Why people don’t read self-published books


Self publishing is the modern way

Why don’t some people take self-published books seriously? Not everyone can interest an agent or publisher in their work, just as not everyone (no matter how talented) can play in the NFL. Some writers make the effort and pay the cost and self-publish. Writers sell writing to live, you know.

Some really skilled football players get turned down by the NFL, and sometimes for one single reason. There just aren’t enough positions on all the teams put together, for every one to play football on a pro team. Other good players play on regional leagues. Some coach. Some teach. Some even write books about football. That doesn’t make them bad players, or dumb players, or trashy players.

It makes them non-NFL players.

How self publishing is like football

It’s not. Except in a single way: not everyone can get an agent or publisher – a single, fallible, mistake-making human – to slow down and buy their manuscript. That’s the breaks. There aren’t enough slots in publishers lists for all the books that want to get written. About 80% of Americans believe they have an important book in their head. Do the math – lot of books. There aren’t that many football players, and look at their  chances to go pro.


Lately, some of the biggest writing names on the planet are going with self-publishing either in print or digitally. Steven King. John Grisham, Libby Hellmann, Stephen R. Covey, Maryan Pelland. Now read below why some people won’t even consider a self-published book.

One really terrible reason not to read self-published books

I subscribe to a newsletter called TeleRead: Bring the E-Books Home. It’s a good read, packed with current info and published what feels like way too often (just my humble…)

The newsletter writer said this today:

“But on the other hand, there are still people who won’t read self-published books—I have a friend who says he won’t look even at ones friends recommend to him simply because he knows there are already more books that passed by a professional publishing gatekeeper than he could ever read and sees no reason to look outside those lines at something that may be awful. And it’s not clear yet whether a replacement gatekeeper will be found.

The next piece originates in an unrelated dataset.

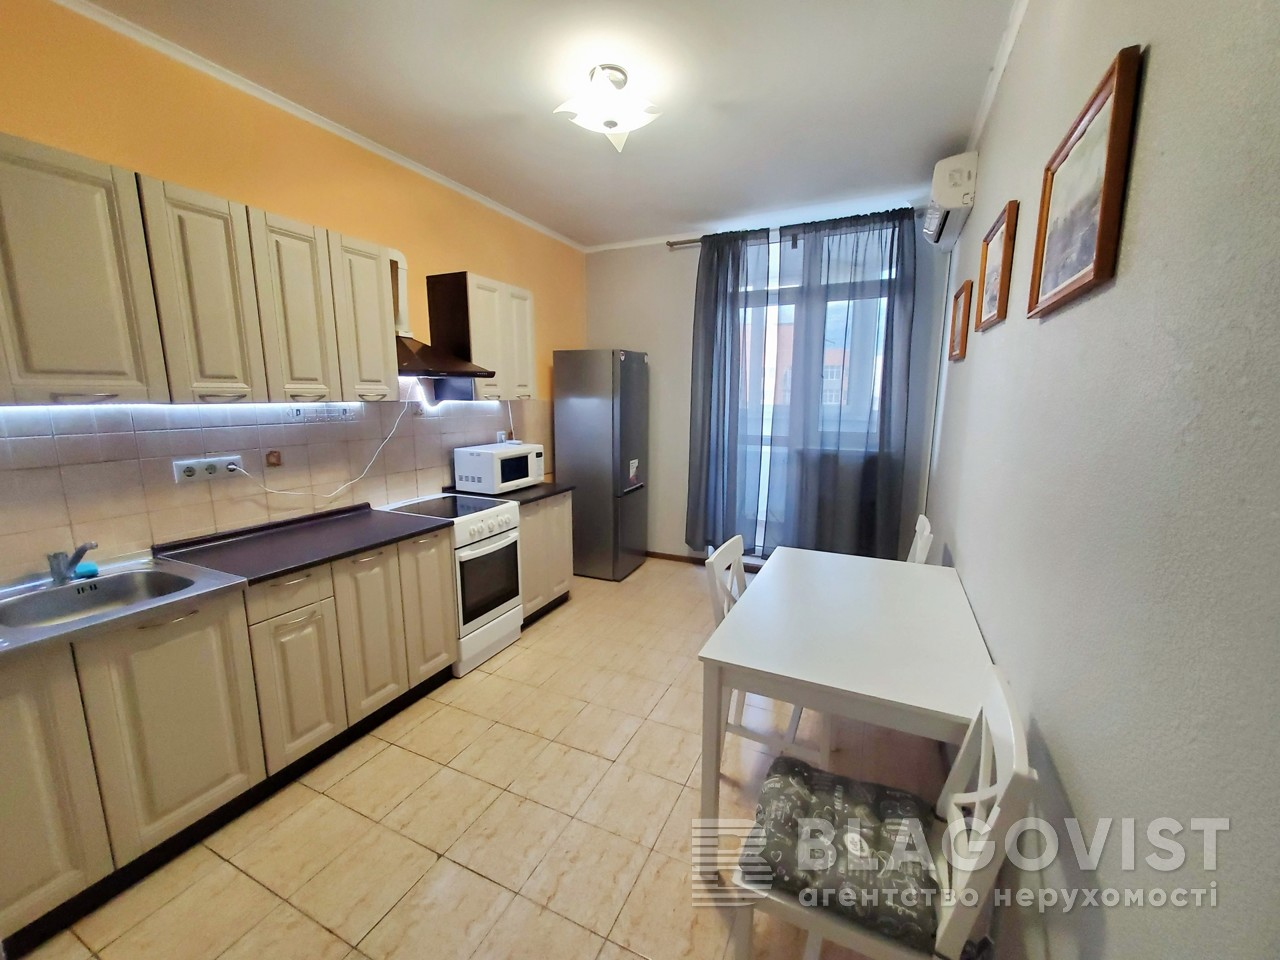 Квартира E-41053, Семьи Кульженко (Дегтяренко Петра), 33, Киев - Фото 12

Italics are mine. This thinking says never go to an off-Broadway show. Never try an ethnic restaurant. Never watch a minor-league, or indeed, a little league game. Never listen to an unknown musician. They might be bad.

TeleRead, I really like subscribing to your site, but choose some more open-minded friends, will you, before all the up and coming talent in the world starves? Wait a minute. Aren’t you self-publishing??

Read more Ontext

Which is better – self publishing or traditional publishing?

Can writers find jobs through social media?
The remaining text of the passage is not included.